[What is being asked]: Please return the full listing below without altering anything.
----
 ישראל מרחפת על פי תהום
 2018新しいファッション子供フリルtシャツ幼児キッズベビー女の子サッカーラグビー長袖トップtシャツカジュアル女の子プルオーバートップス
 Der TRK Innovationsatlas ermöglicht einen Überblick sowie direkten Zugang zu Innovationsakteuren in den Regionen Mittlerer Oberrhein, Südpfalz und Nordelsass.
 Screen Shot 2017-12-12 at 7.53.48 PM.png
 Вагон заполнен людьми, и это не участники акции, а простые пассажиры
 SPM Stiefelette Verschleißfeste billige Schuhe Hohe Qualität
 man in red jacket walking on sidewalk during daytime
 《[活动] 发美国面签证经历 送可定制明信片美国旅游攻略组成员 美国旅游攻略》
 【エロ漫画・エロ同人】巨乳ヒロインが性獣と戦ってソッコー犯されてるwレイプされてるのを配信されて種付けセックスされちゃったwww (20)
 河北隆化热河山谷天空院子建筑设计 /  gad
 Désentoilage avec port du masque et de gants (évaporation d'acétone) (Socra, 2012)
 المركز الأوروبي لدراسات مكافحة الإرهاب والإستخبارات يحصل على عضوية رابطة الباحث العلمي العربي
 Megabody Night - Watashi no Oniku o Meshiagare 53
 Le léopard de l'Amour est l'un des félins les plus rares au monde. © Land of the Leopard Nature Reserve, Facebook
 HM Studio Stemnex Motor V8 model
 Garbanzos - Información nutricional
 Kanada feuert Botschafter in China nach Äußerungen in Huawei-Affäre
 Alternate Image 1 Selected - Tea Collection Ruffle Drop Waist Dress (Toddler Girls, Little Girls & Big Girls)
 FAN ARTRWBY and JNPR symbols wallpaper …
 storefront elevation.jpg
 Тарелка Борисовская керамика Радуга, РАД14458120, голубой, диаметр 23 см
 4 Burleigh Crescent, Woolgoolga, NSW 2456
----
[Exercise result]:
 ישראל מרחפת על פי תהום
 2018新しいファッション子供フリルtシャツ幼児キッズベビー女の子サッカーラグビー長袖トップtシャツカジュアル女の子プルオーバートップス
 Der TRK Innovationsatlas ermöglicht einen Überblick sowie direkten Zugang zu Innovationsakteuren in den Regionen Mittlerer Oberrhein, Südpfalz und Nordelsass.
 Screen Shot 2017-12-12 at 7.53.48 PM.png
 Вагон заполнен людьми, и это не участники акции, а простые пассажиры
 SPM Stiefelette Verschleißfeste billige Schuhe Hohe Qualität
 man in red jacket walking on sidewalk during daytime
 《[活动] 发美国面签证经历 送可定制明信片美国旅游攻略组成员 美国旅游攻略》
 【エロ漫画・エロ同人】巨乳ヒロインが性獣と戦ってソッコー犯されてるwレイプされてるのを配信されて種付けセックスされちゃったwww (20)
 河北隆化热河山谷天空院子建筑设计 /  gad
 Désentoilage avec port du masque et de gants (évaporation d'acétone) (Socra, 2012)
 المركز الأوروبي لدراسات مكافحة الإرهاب والإستخبارات يحصل على عضوية رابطة الباحث العلمي العربي
 Megabody Night - Watashi no Oniku o Meshiagare 53
 Le léopard de l'Amour est l'un des félins les plus rares au monde. © Land of the Leopard Nature Reserve, Facebook
 HM Studio Stemnex Motor V8 model
 Garbanzos - Información nutricional
 Kanada feuert Botschafter in China nach Äußerungen in Huawei-Affäre
 Alternate Image 1 Selected - Tea Collection Ruffle Drop Waist Dress (Toddler Girls, Little Girls & Big Girls)
 FAN ARTRWBY and JNPR symbols wallpaper …
 storefront elevation.jpg
 Тарелка Борисовская керамика Радуга, РАД14458120, голубой, диаметр 23 см
 4 Burleigh Crescent, Woolgoolga, NSW 2456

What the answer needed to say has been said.